From the first line to the last, reproduce the material exactly.
_ _ _
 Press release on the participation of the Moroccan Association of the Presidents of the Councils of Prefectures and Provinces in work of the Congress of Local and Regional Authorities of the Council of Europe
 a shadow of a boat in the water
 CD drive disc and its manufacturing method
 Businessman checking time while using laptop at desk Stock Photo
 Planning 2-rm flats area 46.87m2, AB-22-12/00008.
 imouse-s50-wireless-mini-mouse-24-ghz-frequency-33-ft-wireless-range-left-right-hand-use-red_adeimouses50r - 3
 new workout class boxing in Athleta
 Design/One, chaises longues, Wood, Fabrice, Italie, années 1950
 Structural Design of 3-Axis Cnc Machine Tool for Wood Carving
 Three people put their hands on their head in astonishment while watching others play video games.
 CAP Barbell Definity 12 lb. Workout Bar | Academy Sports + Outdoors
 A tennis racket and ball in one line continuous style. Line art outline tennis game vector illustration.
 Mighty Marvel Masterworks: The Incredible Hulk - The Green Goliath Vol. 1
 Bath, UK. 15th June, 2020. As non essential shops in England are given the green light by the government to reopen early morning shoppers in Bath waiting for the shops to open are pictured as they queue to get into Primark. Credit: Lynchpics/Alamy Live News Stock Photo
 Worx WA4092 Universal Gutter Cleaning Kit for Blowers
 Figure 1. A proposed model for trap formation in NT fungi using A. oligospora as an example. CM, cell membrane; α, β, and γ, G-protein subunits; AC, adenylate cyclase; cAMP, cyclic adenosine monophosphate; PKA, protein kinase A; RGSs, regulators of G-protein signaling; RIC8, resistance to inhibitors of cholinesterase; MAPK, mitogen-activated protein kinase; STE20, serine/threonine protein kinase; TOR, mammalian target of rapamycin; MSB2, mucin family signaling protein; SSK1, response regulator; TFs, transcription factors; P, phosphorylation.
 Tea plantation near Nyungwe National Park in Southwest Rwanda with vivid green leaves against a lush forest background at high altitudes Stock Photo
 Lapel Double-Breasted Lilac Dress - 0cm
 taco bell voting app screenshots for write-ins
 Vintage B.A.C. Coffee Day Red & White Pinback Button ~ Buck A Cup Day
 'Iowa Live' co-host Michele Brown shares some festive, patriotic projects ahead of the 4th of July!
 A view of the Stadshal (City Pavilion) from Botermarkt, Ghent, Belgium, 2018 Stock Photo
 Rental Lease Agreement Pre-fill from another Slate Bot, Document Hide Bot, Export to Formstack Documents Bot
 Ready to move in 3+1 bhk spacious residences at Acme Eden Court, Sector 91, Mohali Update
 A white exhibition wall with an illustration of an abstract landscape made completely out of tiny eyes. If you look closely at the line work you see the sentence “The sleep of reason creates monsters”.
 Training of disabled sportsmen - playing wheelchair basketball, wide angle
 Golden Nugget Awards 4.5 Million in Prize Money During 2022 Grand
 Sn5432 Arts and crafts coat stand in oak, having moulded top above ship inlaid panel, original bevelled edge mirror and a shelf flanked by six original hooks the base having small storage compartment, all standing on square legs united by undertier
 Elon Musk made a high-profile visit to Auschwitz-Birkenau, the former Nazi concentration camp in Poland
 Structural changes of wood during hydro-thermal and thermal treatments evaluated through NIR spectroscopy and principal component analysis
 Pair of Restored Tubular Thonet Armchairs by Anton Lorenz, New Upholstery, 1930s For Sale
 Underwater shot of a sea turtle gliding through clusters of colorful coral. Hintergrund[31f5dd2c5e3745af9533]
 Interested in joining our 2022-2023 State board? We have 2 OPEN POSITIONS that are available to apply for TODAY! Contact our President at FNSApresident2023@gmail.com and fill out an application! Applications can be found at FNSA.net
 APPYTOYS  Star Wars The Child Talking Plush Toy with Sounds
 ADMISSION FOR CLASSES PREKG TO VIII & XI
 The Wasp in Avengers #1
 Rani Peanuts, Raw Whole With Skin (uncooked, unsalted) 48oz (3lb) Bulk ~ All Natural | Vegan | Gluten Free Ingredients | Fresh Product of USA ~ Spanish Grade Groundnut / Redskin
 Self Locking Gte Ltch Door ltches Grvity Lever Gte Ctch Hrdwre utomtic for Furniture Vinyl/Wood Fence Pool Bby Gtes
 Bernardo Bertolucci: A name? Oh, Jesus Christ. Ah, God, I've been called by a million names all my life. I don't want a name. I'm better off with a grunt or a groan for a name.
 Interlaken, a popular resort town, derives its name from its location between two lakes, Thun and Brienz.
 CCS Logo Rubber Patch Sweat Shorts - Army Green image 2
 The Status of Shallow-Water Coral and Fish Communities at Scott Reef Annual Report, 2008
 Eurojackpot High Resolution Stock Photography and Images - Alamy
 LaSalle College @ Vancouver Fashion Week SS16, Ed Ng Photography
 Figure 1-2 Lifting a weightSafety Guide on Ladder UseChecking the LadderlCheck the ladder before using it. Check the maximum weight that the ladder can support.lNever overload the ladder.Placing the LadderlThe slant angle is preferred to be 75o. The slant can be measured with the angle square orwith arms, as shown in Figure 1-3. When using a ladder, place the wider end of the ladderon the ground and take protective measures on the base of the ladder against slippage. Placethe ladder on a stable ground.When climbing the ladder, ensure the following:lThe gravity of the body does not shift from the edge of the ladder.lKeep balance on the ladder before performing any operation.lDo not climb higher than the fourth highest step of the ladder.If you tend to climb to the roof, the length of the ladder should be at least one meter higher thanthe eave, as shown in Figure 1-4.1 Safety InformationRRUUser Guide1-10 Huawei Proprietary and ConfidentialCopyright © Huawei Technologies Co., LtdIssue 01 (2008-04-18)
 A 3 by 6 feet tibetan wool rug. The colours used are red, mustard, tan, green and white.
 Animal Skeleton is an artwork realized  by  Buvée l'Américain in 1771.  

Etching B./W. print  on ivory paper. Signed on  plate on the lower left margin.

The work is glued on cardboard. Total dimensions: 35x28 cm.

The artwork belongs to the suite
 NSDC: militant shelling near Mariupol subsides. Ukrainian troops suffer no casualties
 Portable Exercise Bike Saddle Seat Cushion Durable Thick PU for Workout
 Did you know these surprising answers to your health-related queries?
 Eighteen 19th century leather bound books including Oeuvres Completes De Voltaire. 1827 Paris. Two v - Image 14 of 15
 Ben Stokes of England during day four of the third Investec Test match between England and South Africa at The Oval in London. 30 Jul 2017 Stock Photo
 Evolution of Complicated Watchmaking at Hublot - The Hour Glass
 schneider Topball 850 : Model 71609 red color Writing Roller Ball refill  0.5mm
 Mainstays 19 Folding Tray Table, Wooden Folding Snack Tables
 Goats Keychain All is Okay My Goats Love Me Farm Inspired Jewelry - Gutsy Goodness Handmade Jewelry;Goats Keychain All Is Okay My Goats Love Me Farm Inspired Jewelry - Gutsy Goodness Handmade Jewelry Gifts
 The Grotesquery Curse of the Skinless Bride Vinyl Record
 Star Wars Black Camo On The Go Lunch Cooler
_ _ _
Exercise solution:
 Press release on the participation of the Moroccan Association of the Presidents of the Councils of Prefectures and Provinces in work of the Congress of Local and Regional Authorities of the Council of Europe
 a shadow of a boat in the water
 CD drive disc and its manufacturing method
 Businessman checking time while using laptop at desk Stock Photo
 Planning 2-rm flats area 46.87m2, AB-22-12/00008.
 imouse-s50-wireless-mini-mouse-24-ghz-frequency-33-ft-wireless-range-left-right-hand-use-red_adeimouses50r - 3
 new workout class boxing in Athleta
 Design/One, chaises longues, Wood, Fabrice, Italie, années 1950
 Structural Design of 3-Axis Cnc Machine Tool for Wood Carving
 Three people put their hands on their head in astonishment while watching others play video games.
 CAP Barbell Definity 12 lb. Workout Bar | Academy Sports + Outdoors
 A tennis racket and ball in one line continuous style. Line art outline tennis game vector illustration.
 Mighty Marvel Masterworks: The Incredible Hulk - The Green Goliath Vol. 1
 Bath, UK. 15th June, 2020. As non essential shops in England are given the green light by the government to reopen early morning shoppers in Bath waiting for the shops to open are pictured as they queue to get into Primark. Credit: Lynchpics/Alamy Live News Stock Photo
 Worx WA4092 Universal Gutter Cleaning Kit for Blowers
 Figure 1. A proposed model for trap formation in NT fungi using A. oligospora as an example. CM, cell membrane; α, β, and γ, G-protein subunits; AC, adenylate cyclase; cAMP, cyclic adenosine monophosphate; PKA, protein kinase A; RGSs, regulators of G-protein signaling; RIC8, resistance to inhibitors of cholinesterase; MAPK, mitogen-activated protein kinase; STE20, serine/threonine protein kinase; TOR, mammalian target of rapamycin; MSB2, mucin family signaling protein; SSK1, response regulator; TFs, transcription factors; P, phosphorylation.
 Tea plantation near Nyungwe National Park in Southwest Rwanda with vivid green leaves against a lush forest background at high altitudes Stock Photo
 Lapel Double-Breasted Lilac Dress - 0cm
 taco bell voting app screenshots for write-ins
 Vintage B.A.C. Coffee Day Red & White Pinback Button ~ Buck A Cup Day
 'Iowa Live' co-host Michele Brown shares some festive, patriotic projects ahead of the 4th of July!
 A view of the Stadshal (City Pavilion) from Botermarkt, Ghent, Belgium, 2018 Stock Photo
 Rental Lease Agreement Pre-fill from another Slate Bot, Document Hide Bot, Export to Formstack Documents Bot
 Ready to move in 3+1 bhk spacious residences at Acme Eden Court, Sector 91, Mohali Update
 A white exhibition wall with an illustration of an abstract landscape made completely out of tiny eyes. If you look closely at the line work you see the sentence “The sleep of reason creates monsters”.
 Training of disabled sportsmen - playing wheelchair basketball, wide angle
 Golden Nugget Awards 4.5 Million in Prize Money During 2022 Grand
 Sn5432 Arts and crafts coat stand in oak, having moulded top above ship inlaid panel, original bevelled edge mirror and a shelf flanked by six original hooks the base having small storage compartment, all standing on square legs united by undertier
 Elon Musk made a high-profile visit to Auschwitz-Birkenau, the former Nazi concentration camp in Poland
 Structural changes of wood during hydro-thermal and thermal treatments evaluated through NIR spectroscopy and principal component analysis
 Pair of Restored Tubular Thonet Armchairs by Anton Lorenz, New Upholstery, 1930s For Sale
 Underwater shot of a sea turtle gliding through clusters of colorful coral. Hintergrund[31f5dd2c5e3745af9533]
 Interested in joining our 2022-2023 State board? We have 2 OPEN POSITIONS that are available to apply for TODAY! Contact our President at FNSApresident2023@gmail.com and fill out an application! Applications can be found at FNSA.net
 APPYTOYS  Star Wars The Child Talking Plush Toy with Sounds
 ADMISSION FOR CLASSES PREKG TO VIII & XI
 The Wasp in Avengers #1
 Rani Peanuts, Raw Whole With Skin (uncooked, unsalted) 48oz (3lb) Bulk ~ All Natural | Vegan | Gluten Free Ingredients | Fresh Product of USA ~ Spanish Grade Groundnut / Redskin
 Self Locking Gte Ltch Door ltches Grvity Lever Gte Ctch Hrdwre utomtic for Furniture Vinyl/Wood Fence Pool Bby Gtes
 Bernardo Bertolucci: A name? Oh, Jesus Christ. Ah, God, I've been called by a million names all my life. I don't want a name. I'm better off with a grunt or a groan for a name.
 Interlaken, a popular resort town, derives its name from its location between two lakes, Thun and Brienz.
 CCS Logo Rubber Patch Sweat Shorts - Army Green image 2
 The Status of Shallow-Water Coral and Fish Communities at Scott Reef Annual Report, 2008
 Eurojackpot High Resolution Stock Photography and Images - Alamy
 LaSalle College @ Vancouver Fashion Week SS16, Ed Ng Photography
 Figure 1-2 Lifting a weightSafety Guide on Ladder UseChecking the LadderlCheck the ladder before using it. Check the maximum weight that the ladder can support.lNever overload the ladder.Placing the LadderlThe slant angle is preferred to be 75o. The slant can be measured with the angle square orwith arms, as shown in Figure 1-3. When using a ladder, place the wider end of the ladderon the ground and take protective measures on the base of the ladder against slippage. Placethe ladder on a stable ground.When climbing the ladder, ensure the following:lThe gravity of the body does not shift from the edge of the ladder.lKeep balance on the ladder before performing any operation.lDo not climb higher than the fourth highest step of the ladder.If you tend to climb to the roof, the length of the ladder should be at least one meter higher thanthe eave, as shown in Figure 1-4.1 Safety InformationRRUUser Guide1-10 Huawei Proprietary and ConfidentialCopyright © Huawei Technologies Co., LtdIssue 01 (2008-04-18)
 A 3 by 6 feet tibetan wool rug. The colours used are red, mustard, tan, green and white.
 Animal Skeleton is an artwork realized  by  Buvée l'Américain in 1771.  

Etching B./W. print  on ivory paper. Signed on  plate on the lower left margin.

The work is glued on cardboard. Total dimensions: 35x28 cm.

The artwork belongs to the suite
 NSDC: militant shelling near Mariupol subsides. Ukrainian troops suffer no casualties
 Portable Exercise Bike Saddle Seat Cushion Durable Thick PU for Workout
 Did you know these surprising answers to your health-related queries?
 Eighteen 19th century leather bound books including Oeuvres Completes De Voltaire. 1827 Paris. Two v - Image 14 of 15
 Ben Stokes of England during day four of the third Investec Test match between England and South Africa at The Oval in London. 30 Jul 2017 Stock Photo
 Evolution of Complicated Watchmaking at Hublot - The Hour Glass
 schneider Topball 850 : Model 71609 red color Writing Roller Ball refill  0.5mm
 Mainstays 19 Folding Tray Table, Wooden Folding Snack Tables
 Goats Keychain All is Okay My Goats Love Me Farm Inspired Jewelry - Gutsy Goodness Handmade Jewelry;Goats Keychain All Is Okay My Goats Love Me Farm Inspired Jewelry - Gutsy Goodness Handmade Jewelry Gifts
 The Grotesquery Curse of the Skinless Bride Vinyl Record
 Star Wars Black Camo On The Go Lunch Cooler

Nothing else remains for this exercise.